New Descript user here and this is my #1 issue. I record interviews on Zencastr which outputs two separate files. I then sync them back together as a sequence in Descript. But I was very surprised to find out that the gaps of silence in both tracks used up my transcription time. With a big backlog of interviews to transcribe, I have unfortunately reached my 30 hour transcription limit much quicker than I expected. Once I figured out what was happening, I tried to use the "Shorten Word Gaps" feature before transcribing, but it does not work on non-transcribed files.

Sat P

Absolutely agree!

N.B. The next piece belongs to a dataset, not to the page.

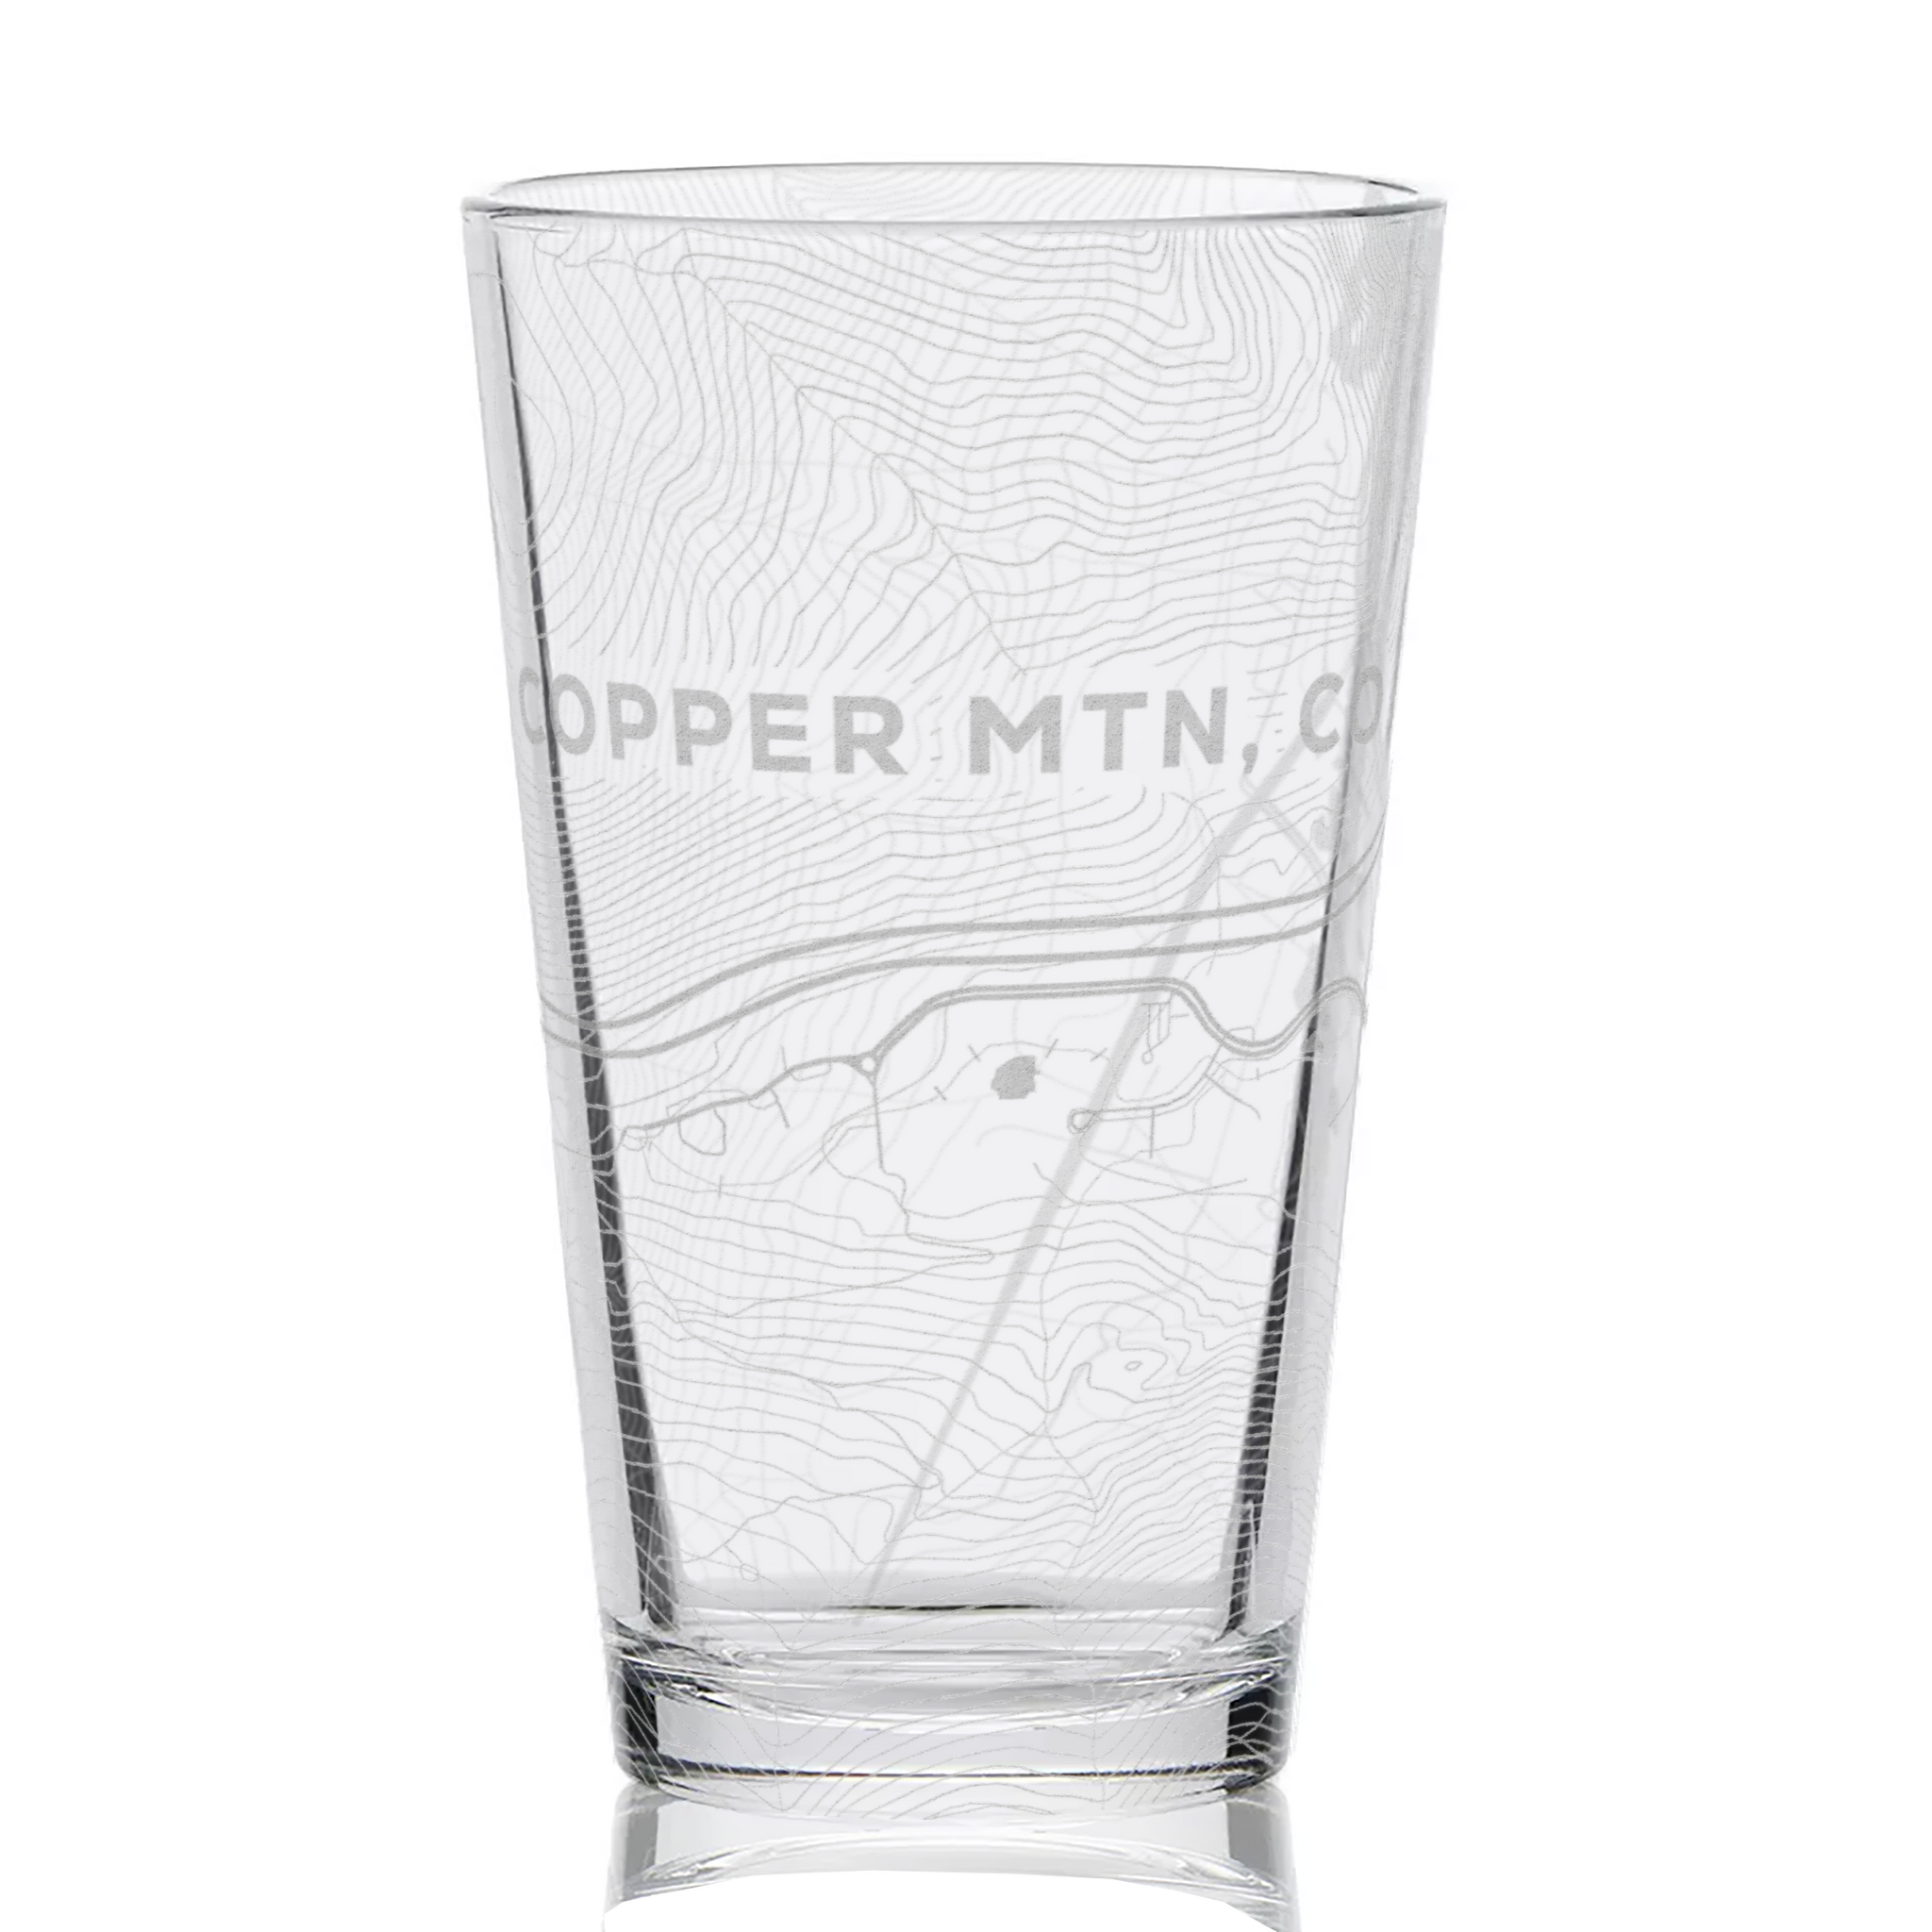 COPPER MTN, CO Pint Glass

I reluctantly upload both podcast audio tracks as one because the system deducts 2x 60 mins regardless that the audio is for the same podcast episode

Jeremy Au

I’m doing an interview style podcast. Let’s say the show is for 60min. I record it from Squadcast remotely which gives me 2 WAV tracks - 1 for the interviewer and 1 for the interviewee. When I put it into Descript, it is automatically recognized as a sequence where we are taking turns speaking.
However, when I want to use the white glove transcript, it charges me 60min  $2/min
 2 tracks = $240.
This is 2X more than what it needs to be, as only one speaker is ever speaking at a time.
This is probably an error as the transcription isn’t working from the Sequence and not from each audio file.
Otherwise, me as the interviewer who only speaks for 5min in the whole show is going to be over-charged by over a $100, which doesn’t make sense for me to use the feature.
Could you fix this by charging it as $2/min for the sequence length, rather than the combined length of the two tracks?

Jeremy Au

The other alternative is as what the others recommend, which is to only transcribe meaningful signal, which should effectively cut the cost as per above

Ben Gregson

Jeremy Au: this may have changed since you commentd this, but I believe they now charge $2.50 an hour not minute if you want to go over the credits in your subscription

Mitch Hollis

Is this still under consideration? This would make a huge difference for us and would mean we could actually use your tool with all of our podcast rather than just a few episodes!

Chad McAllister

But please leave time codes based on the original audio, taking into account leading silence or silence in the audio.

Andrew Mason

marked this post as

under consideration

Jack Saturn

Andrew Mason: Very interested in this as well. This is a phenomenal service, but while testing I was disappointed to discover that 75 minutes of a 2-track conversation used up 2.5 hours of my available time.

Andrew Mason

Yes you are right. We will do this soon.

Thomas Reintjes

Andrew Mason: 👍👍

Jason Lustig

Andrew Mason: So when we use multi track transcribing, let’s say it’s 60 minutes x 2 tracks. Are we charged for 120 minutes?

Jeremy Au

Jason Lustig: exactly! I wrote my experience above as well

AY-AY-Ron

Andrew Mason: Has this yet been addressed. Any progress you can share? :-)

Ben Gregson

Andrew Mason: hi, it's been nearly three years, any progress on this?